# Thank You Message From Driver



## Snooperjuke (Mar 7, 2018)

Wouldn't it be nice if you could message any rider that tipped you in app with a personal thank you. I personally would love to message them back saying I appreciate the tip and if I remembered anything about them I could also put that in as well. For instance "Hope you had a nice flight to Cleveland". I also think this would encourage them to continue to tip future drivers. Thoughts?


----------



## kdyrpr (Apr 23, 2016)

Agree.


----------



## upyouruber (Jul 24, 2017)

Snooperjuke said:


> Wouldn't it be nice if you could message any rider that tipped you in app with a personal thank you. I personally would love to message them back saying I appreciate the tip and if I remembered anything about them I could also put that in as well. For instance "Hope you had a nice flight to Cleveland". I also think this would encourage them to continue to tip future drivers. Thoughts?


I agree as I created a thread with idea before. Uber is so up their own ass!


----------



## Uberfunitis (Oct 21, 2016)

Drivers would use that feature to antagonize passengers. Instead of using it to thank tippers you would have drivers using it to harass non tippers or drunks or women they find attractive etc. Once the ride is over the ride is over no need for back and forth after unless somebody forgot something and those messages should be sent to Uber.


----------



## Snooperjuke (Mar 7, 2018)

Uberfunitis said:


> Drivers would use that feature to antagonize passengers.
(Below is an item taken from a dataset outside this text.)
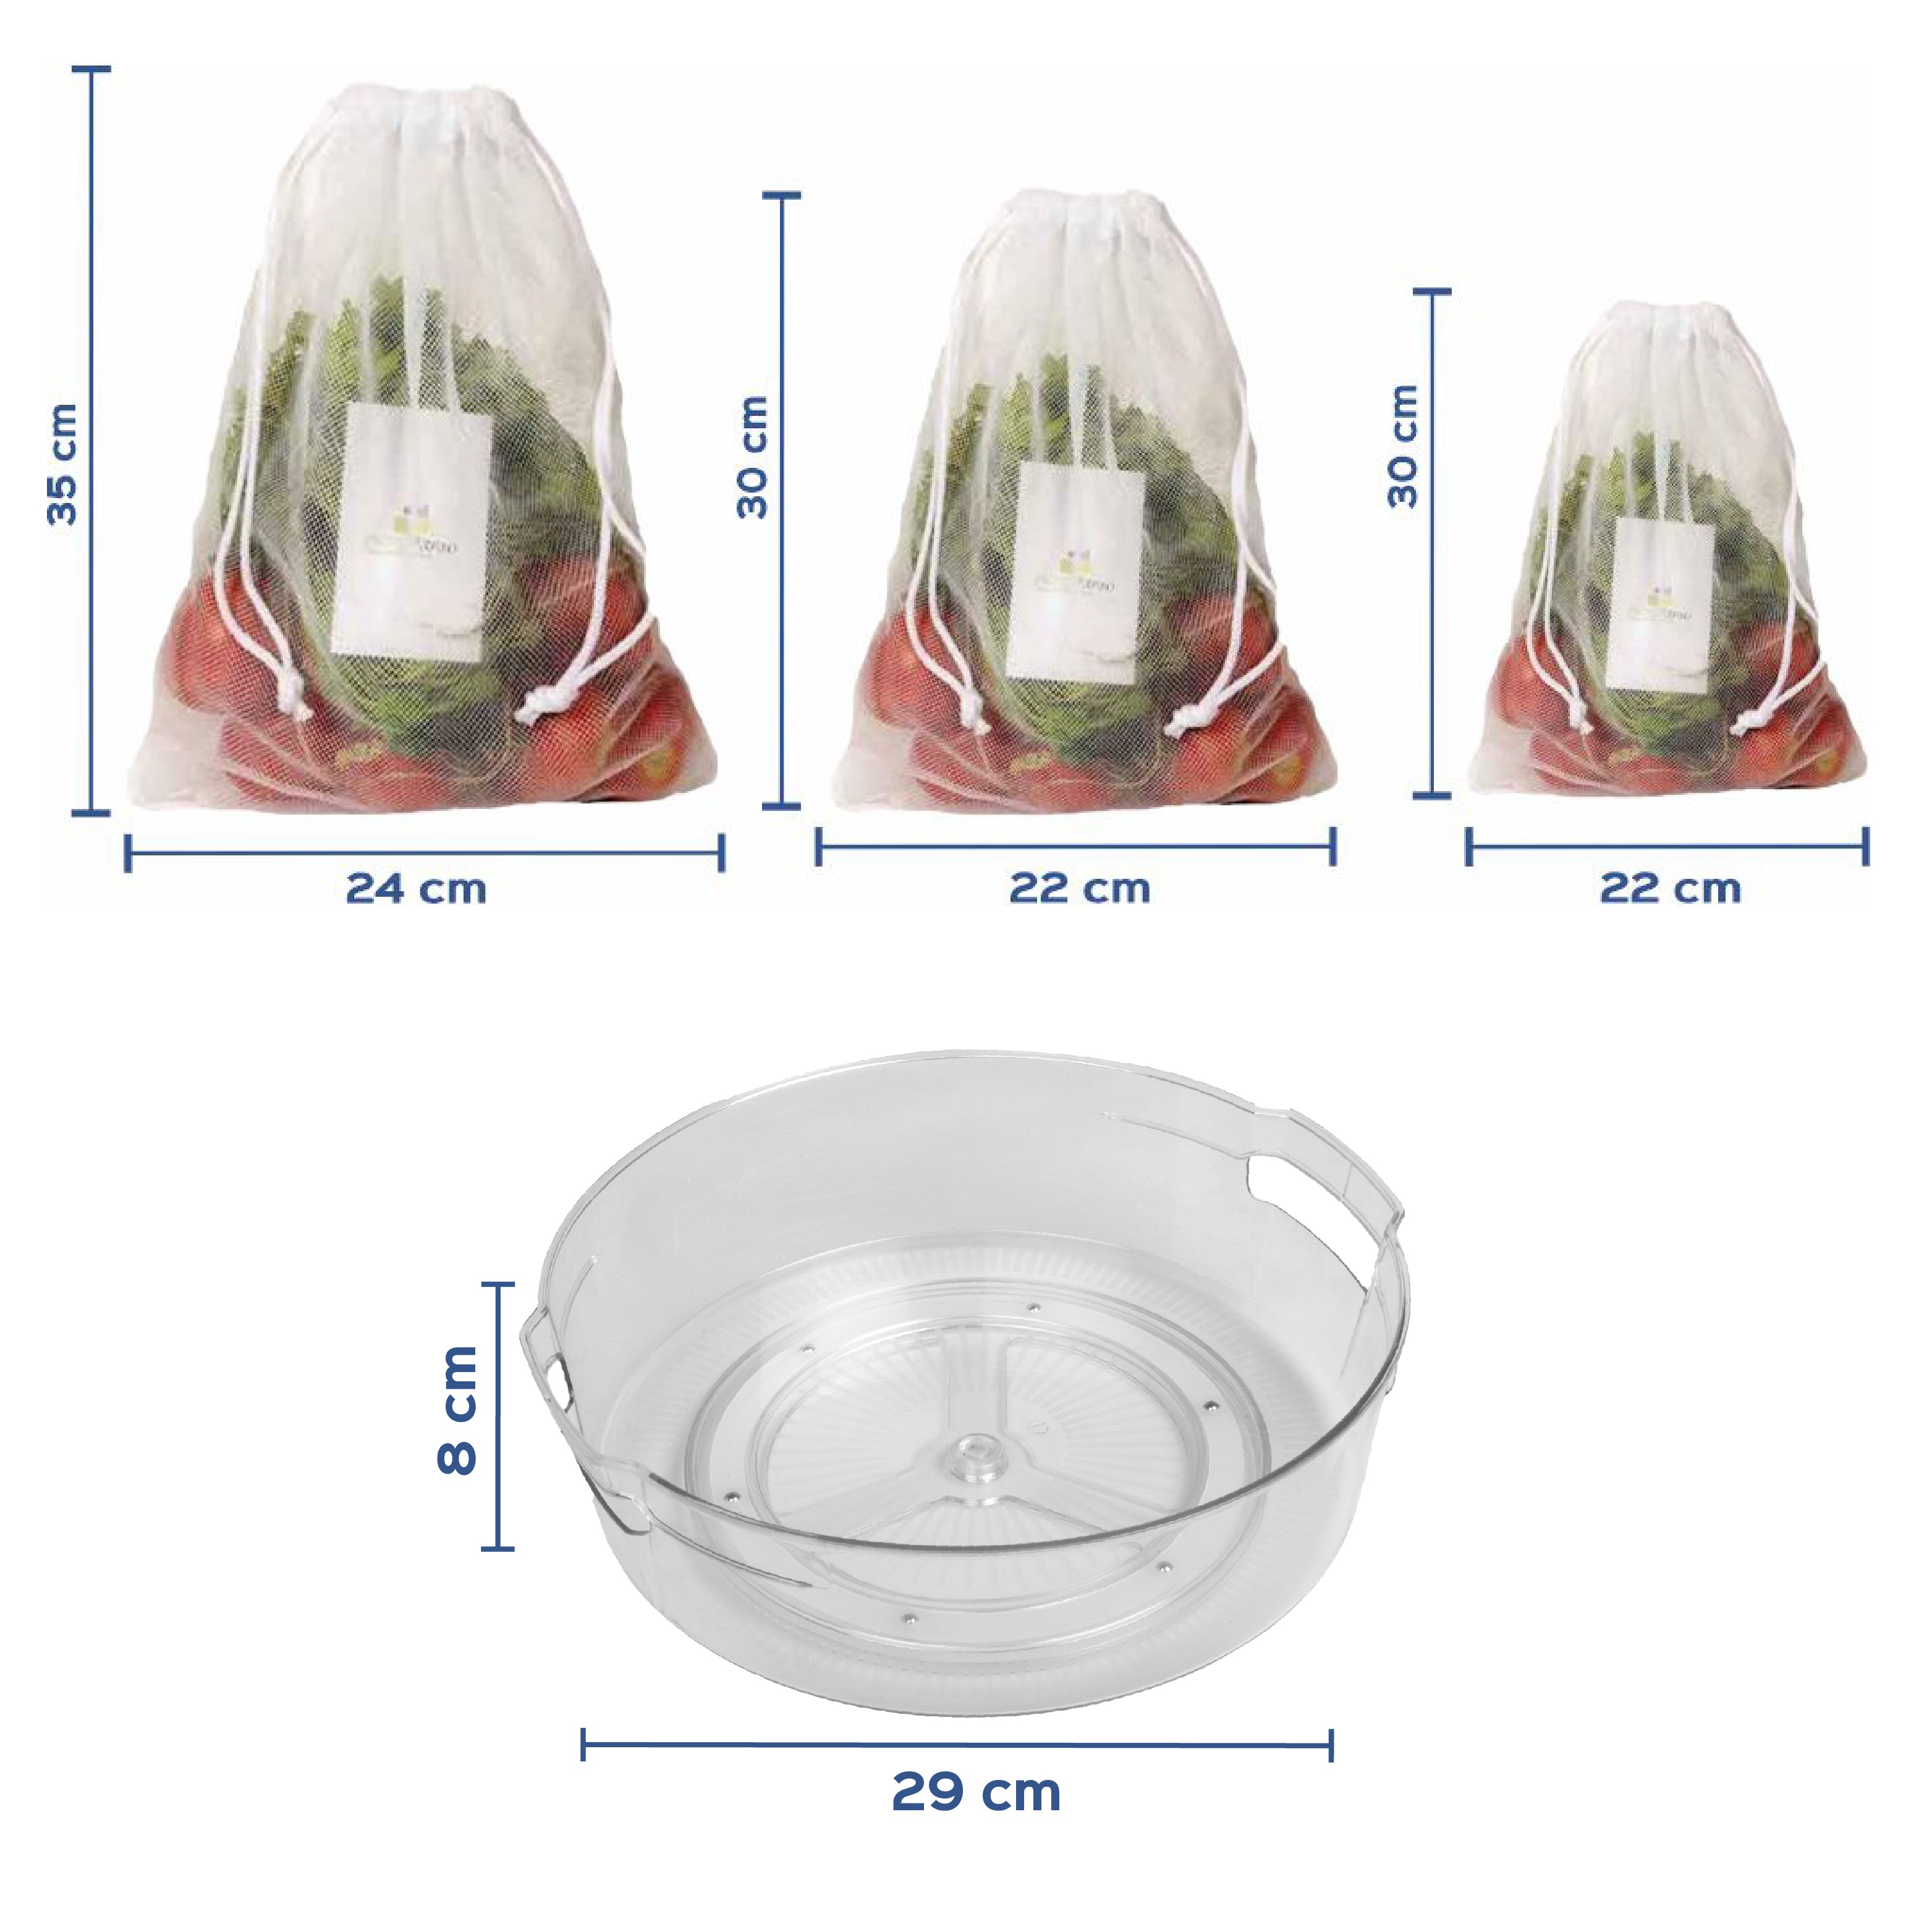 Combo of 1pc of 360° Rotating Multipurpose tray, 12pcs of  Vegetable & Fruits Storing Bags and 1pc of 2 Tier Space Saver Plastic Storage Basket
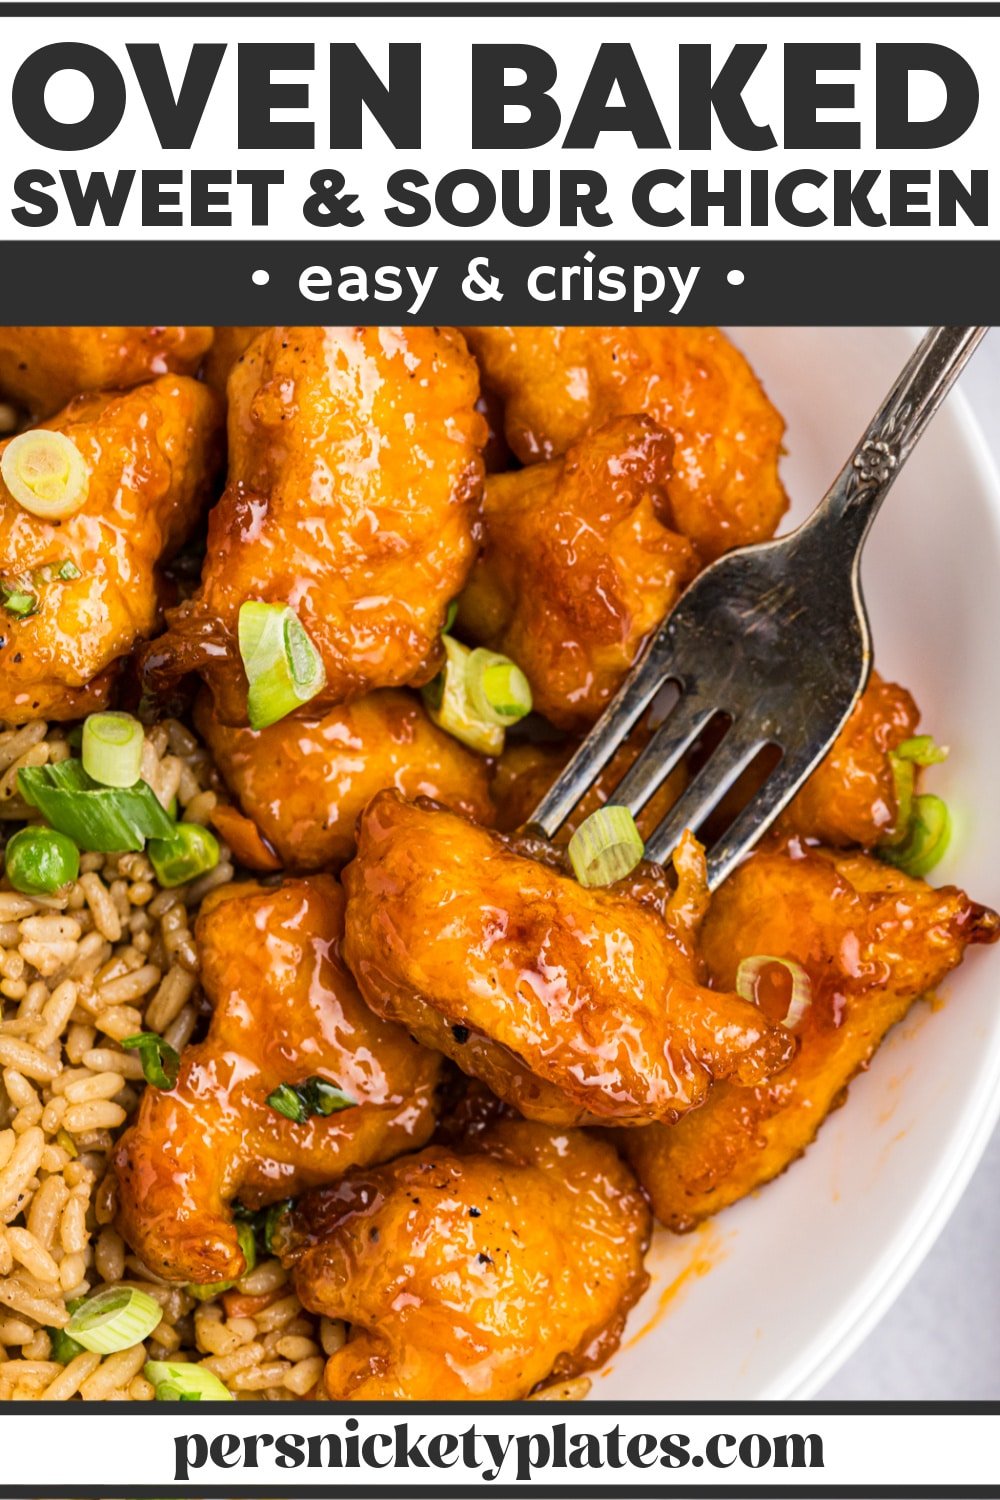 Baked sweet and sour chicken is made with a light crispy coating smothered in a sweet, sour, and slightly sticky sauce and baked until perfectly crisped on the outside and tender on the inside. Serve with your favorite sides and have delicious take-out without leaving home! | www.persnicketyplates.com

Instead of using it to thank tippers you would have drivers using it to harass non tippers or drunks or women they find attractive etc. Once the ride is over the ride is over no need for back and forth after unless somebody forgot something and those messages should be sent to Uber.


They could make the feature only available to respond to passengers that tipped to avoid the chance of harassing non tippers.


----------



## Uberfunitis (Oct 21, 2016)

Snooperjuke said:


> They could make the feature only available to respond to passengers that tipped to avoid the chance of harassing non tippers.


I would not really have a problem with that provided they have a function that allowed the passenger to report harassment and the ride share company used a no tolerance policy for harassment in any way.


----------



## upyouruber (Jul 24, 2017)

Uberfunitis said:


> I would not really have a problem with that provided they have a function that allowed the passenger to report harassment and the ride share company used a no tolerance policy for harassment in any way.


Just like your harrassment towards others here, right?


----------



## henrygates (Mar 29, 2018)

They could have a generic "thanks!" button.

Passengers could collect them like badges and show them off to their friends.


----------



## IERide (Jul 1, 2016)

They could give riders “badges” like we get.. “Great tipper” could be one..


----------



## Abraxas79 (Feb 7, 2016)

upyouruber said:


> I agree as I created a thread with idea before. Uber is so up their own ass!


Dara's super duper new app doesn't give you this option?


----------